ISP prices vary, but that price is close to my 6 Mb/s service  :lol:

1) it isn't "automatic", and you'll need to ask for a HMC [HR34] "and then" it has to be released in your area, as it is not released nationally yet.
2) The receiver doesn't care what type TV is connected to it. "Of course" HD programing will only look "HD" on an HD TV, but there are SD outputs on the receivers.


----------



## Laxguy (Dec 2, 2010)

Cybertoad said:


> You will definitely need high speed internet service at your house so that you can use the on demand Cinema features and also for box updates.


The latter point is incorrect. Updates come via satellite. A good internet connection enhances a lot of things, though, VOD among them.


----------



## tomallison24 (Dec 10, 2008)

veryoldschool said:


> ISP prices vary, but that price is close to my 6 Mb/s service  :lol:
> 
> 1) it isn't "automatic", and you'll need to ask for a HMC [HR34] "and then" it has to be released in your area, as it is not released nationally yet.
> 2) The receiver doesn't care what type TV is connected to it. "Of course" HD programing will only look "HD" on an HD TV, but there are SD outputs on the receivers.

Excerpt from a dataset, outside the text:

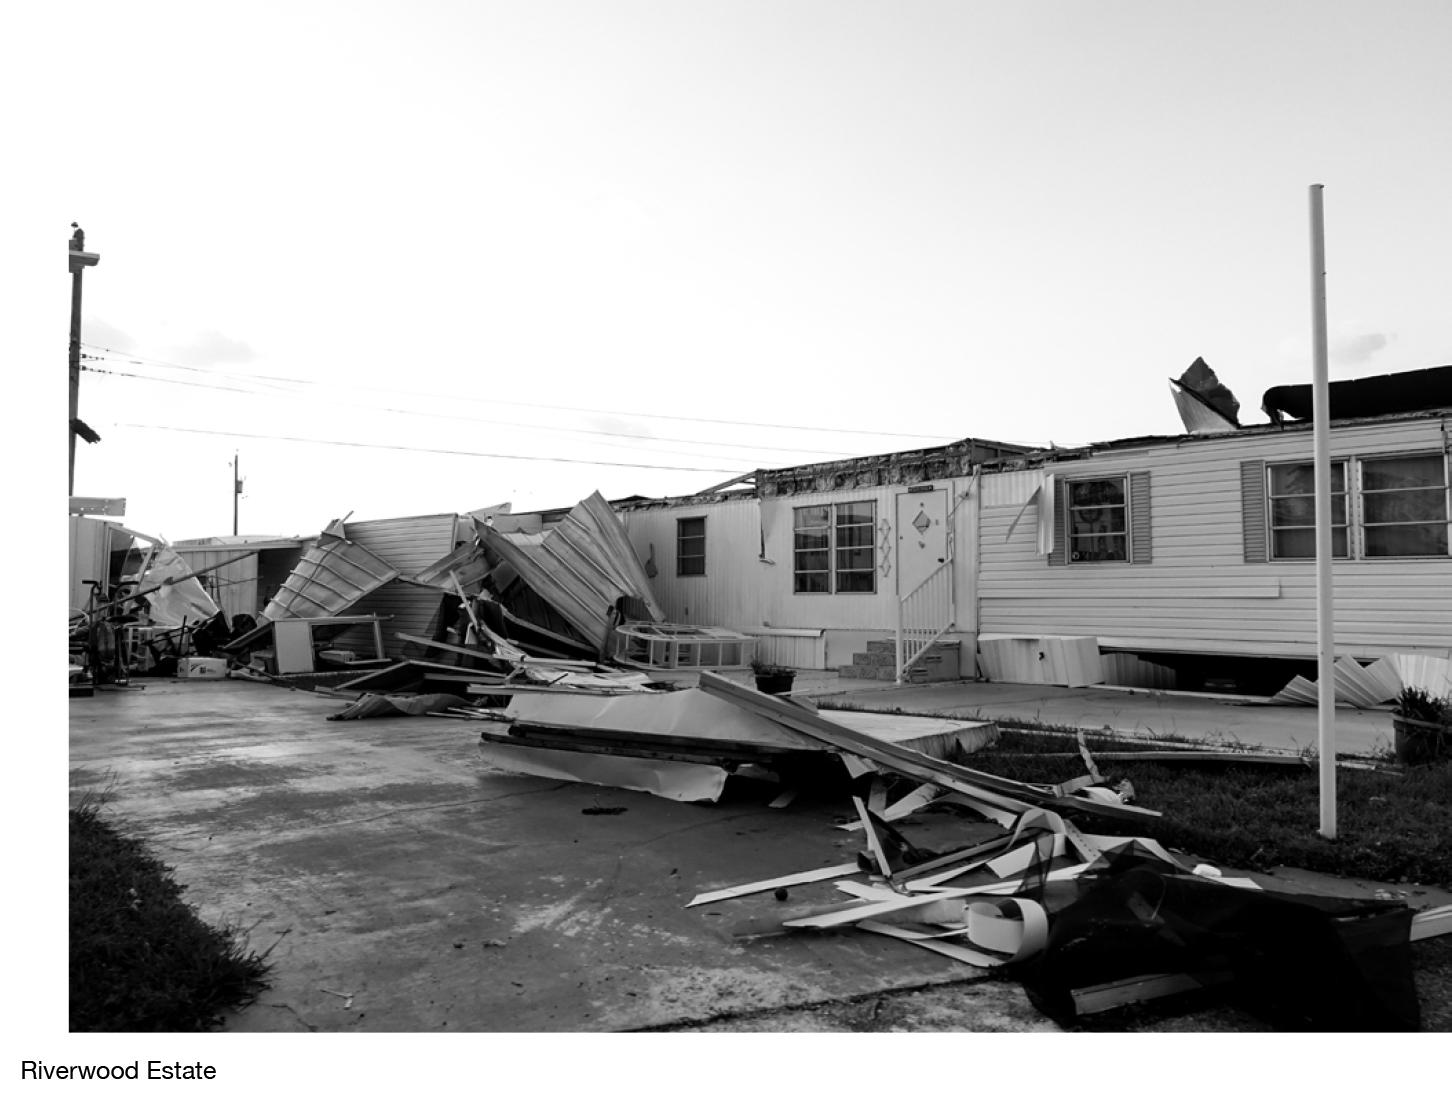 Robert LeBlanc Hurricane Irma %22Welcome To Paradise%22-17.jpg

Could be a problem then as i understand the hr34 is the only one with the 1 tb dvr. can't take less. is this a fact?


----------



## veryoldschool (Dec 10, 2006)

tomallison24 said:


> Could be a problem then as i understand the hr34 is the only one with the 1 tb dvr. can't take less. is this a fact?


The only one with an internal 1 TB drive is the HR34, more more to the point with them are the five tuners they have.
You can connect up to a 2 TB eSATA drive to all HD DVRs, if drive size it what is important.


----------



## tomallison24 (Dec 10, 2008)

veryoldschool said:


> The only one with an internal 1 TB drive is the HR34, more more to the point with them are the five tuners they have.
> You can connect up to a 2 TB eSATA drive to all HD DVRs, if drive size it what is important.


The one they're offering online for new customers has 5 tuners so it must be the HR34, right?


----------



## veryoldschool (Dec 10, 2006)

tomallison24 said:


> The one they're offering online for new customers has 5 tuners so it must be the HR34, right?


That's correct, but it still isn't available "everywhere" so check and make sure that is what you're going to get. There are some that "thought" they would, but the installer didn't have it.


----------



## tomallison24 (Dec 10, 2008)

veryoldschool said:


> That's correct, but it still isn't available "everywhere" so check and make sure that is what you're going to get. There are some that "thought" they would, but the installer didn't have it.


what did they do, refuse installation? I believe I would. What were they brought/how many tuners? Thanks.


----------



## veryoldschool (Dec 10, 2006)

tomallison24 said:


> what did they do, refuse installation? I believe I would. What were they brought/how many tuners? Thanks.


Only the HR34 has the five tuners, all other DVRs have two.


----------



## tomallison24 (Dec 10, 2008)

Thanks again to all that replied. I signed up as a new customer right before the midnight deadline for the current great deal. Premier package, HMC and 3 HD receivers to be installed 1/9. I verified with 3 different people that it would be the 5 tuner model HR34. I did have a CSR tell me that the HMC was only for Samsung TV's. Fortunately I asked her to talk to her supervisor and all ended well.




edit: I just noted that the deal is still showing and it's almost 1 am.


----------



## Kevin F (May 9, 2010)

They may use that same deal or a very similar one to start off the year for a while.

Kevin


----------